From: Kenneth Whistler (kenw@sybase.com)
Date: Thu Apr 29 2004 - 19:56:31 EDT
Peter Kirk wrote, in response to Ernest Cline:
> >... It simply is impossible
> >to simulate non-zero canonical combining class characters in Unicode
> >with anything other than a character with the appropriate canonical
> >combining class. ...
> >
>
> True. But fortunately Unicode don't really need to worry about
> normalisation of PUA data, as this is surely out of its scope.

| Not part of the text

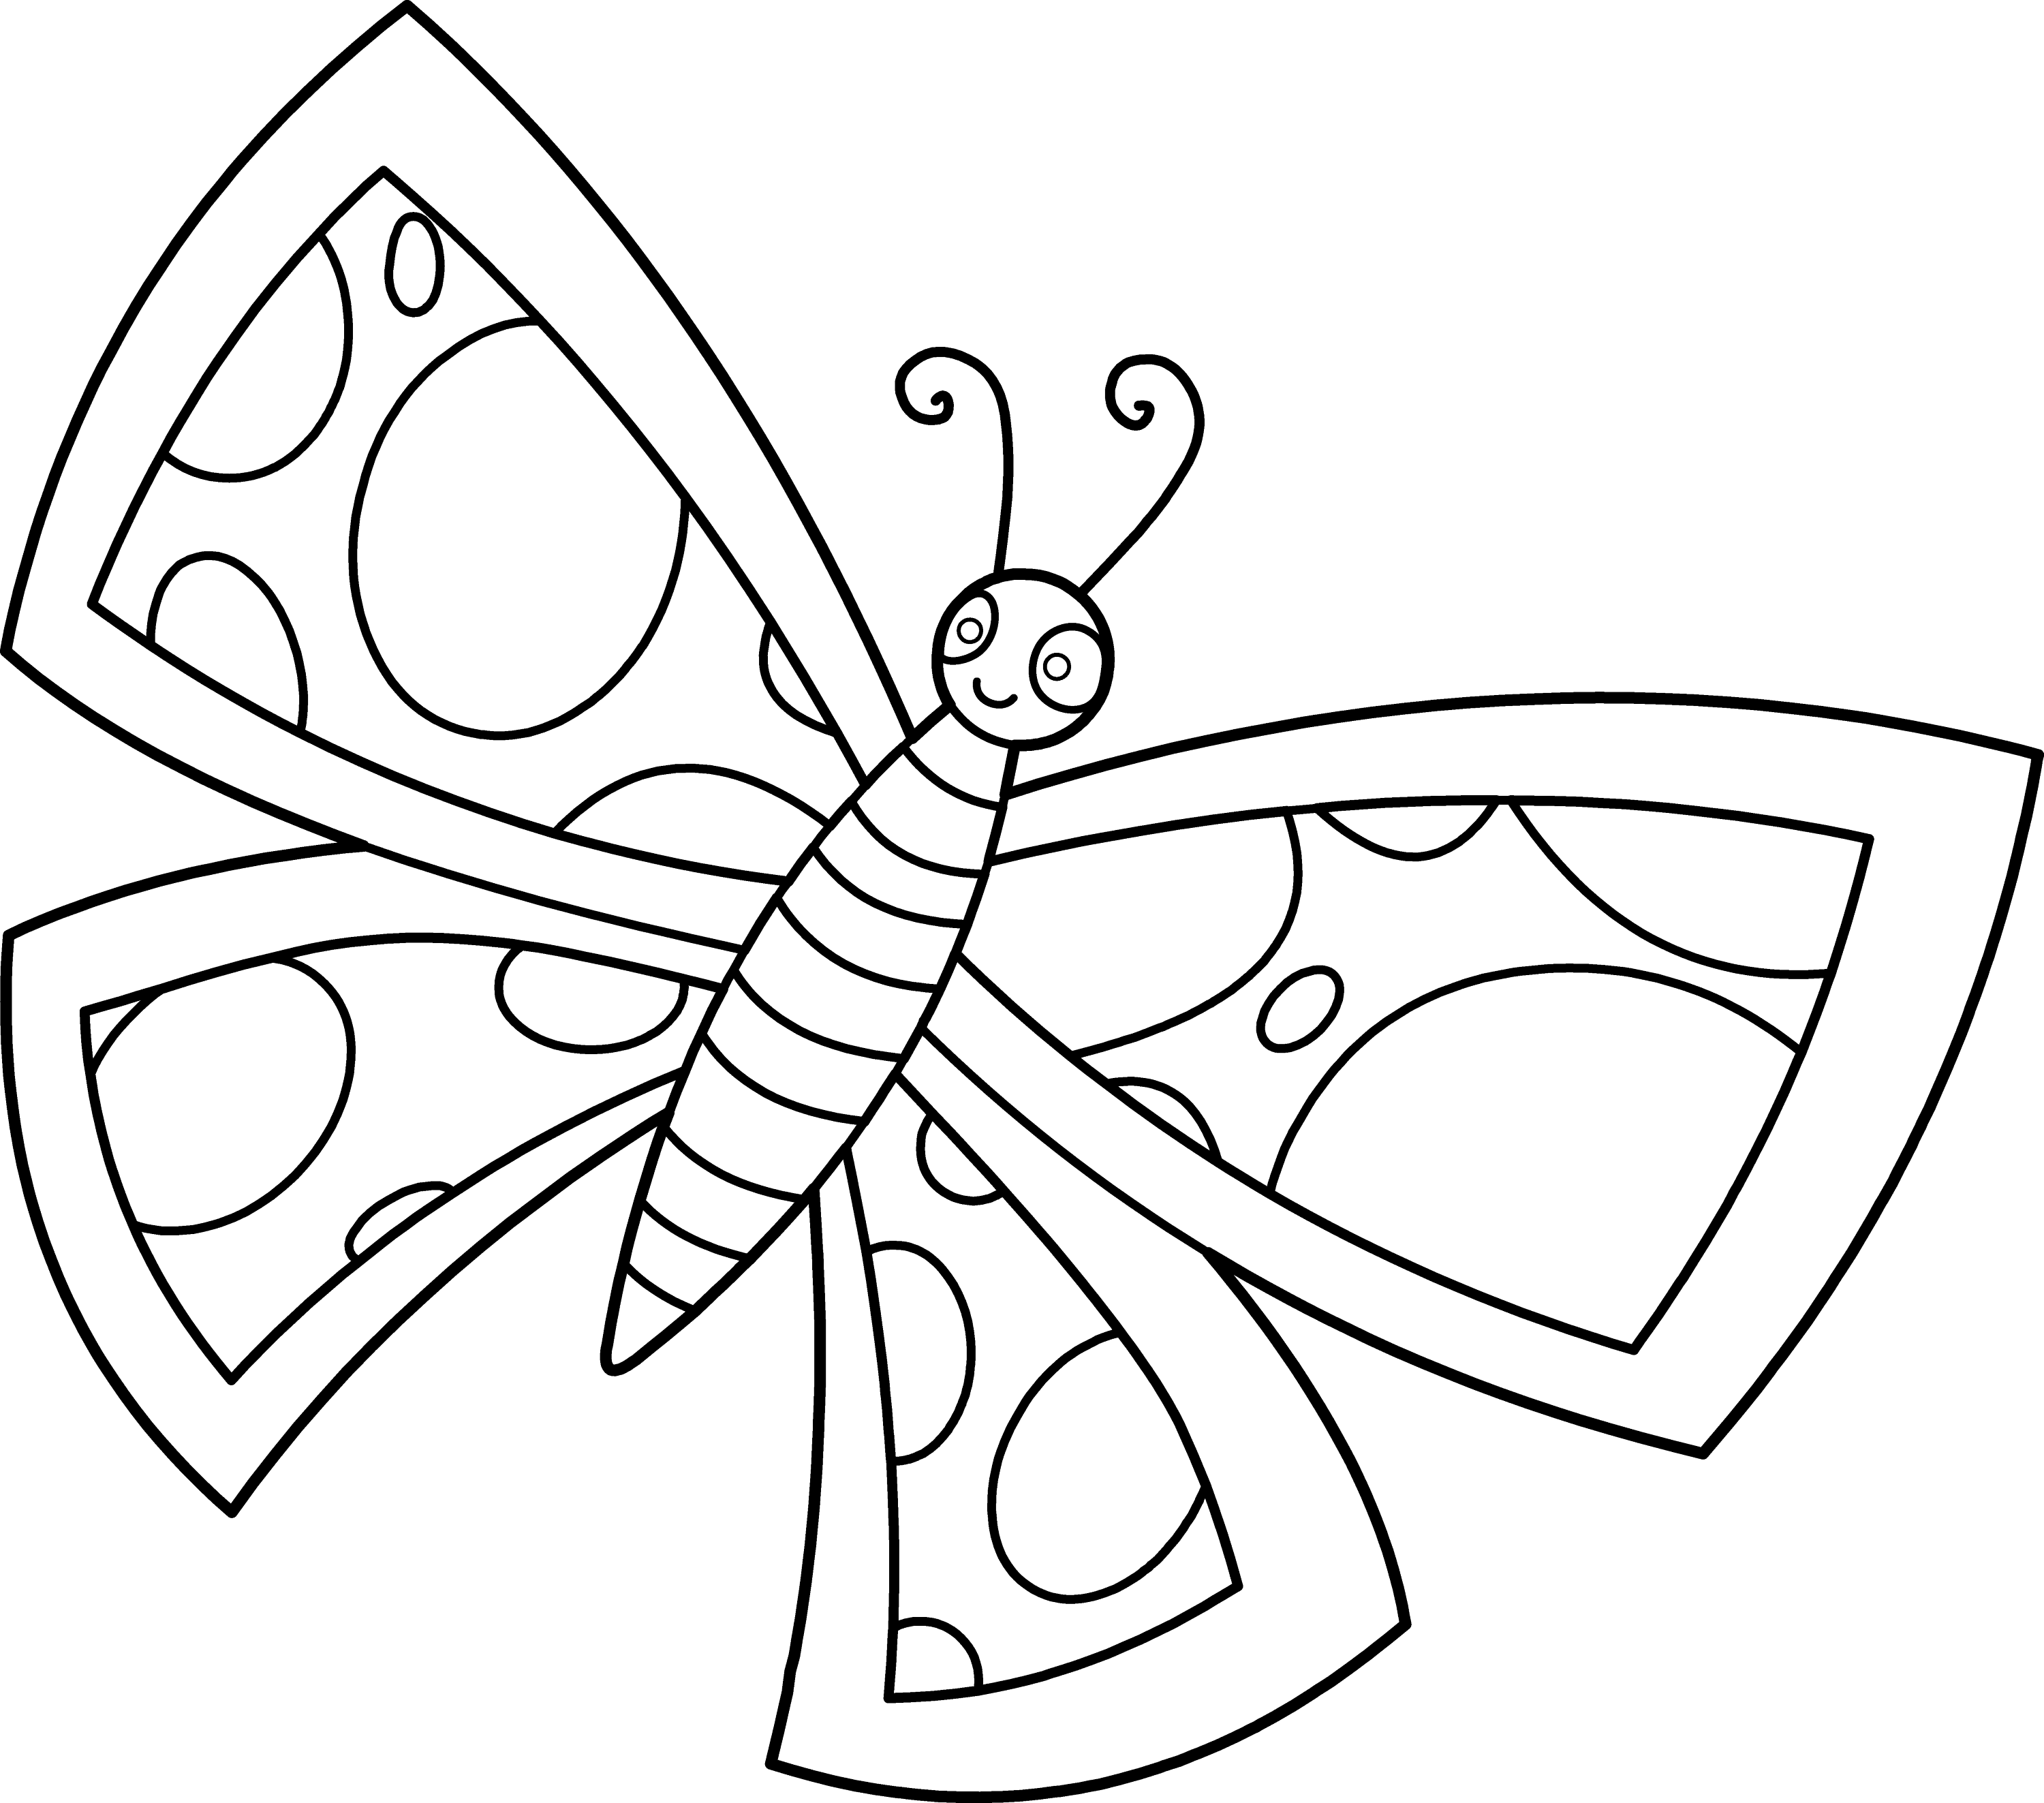 Раскраски для детей 4 5 бабочки. Бабочка раскраска для детей. Бабочка раскраска для малышей. Детские раскраски бабочки. Бабочка картинка для детей раскраска.

Not quite. PUA code points are subject to the Unicode normalization
algorithm, as well as any other. Their behavior in NFC or NFD,
for example, is rigidly defined, if trivial: a PUA code point
normalizes to itself.
That doesn't prevent a user of PUA code points, defined as
whatever characters, from also defining equivalences among
PUA characters (or sequences) or between PUA characters
(or sequences) and standard Unicode characters (or sequences),
and then "normalizing" data based on those equivalences.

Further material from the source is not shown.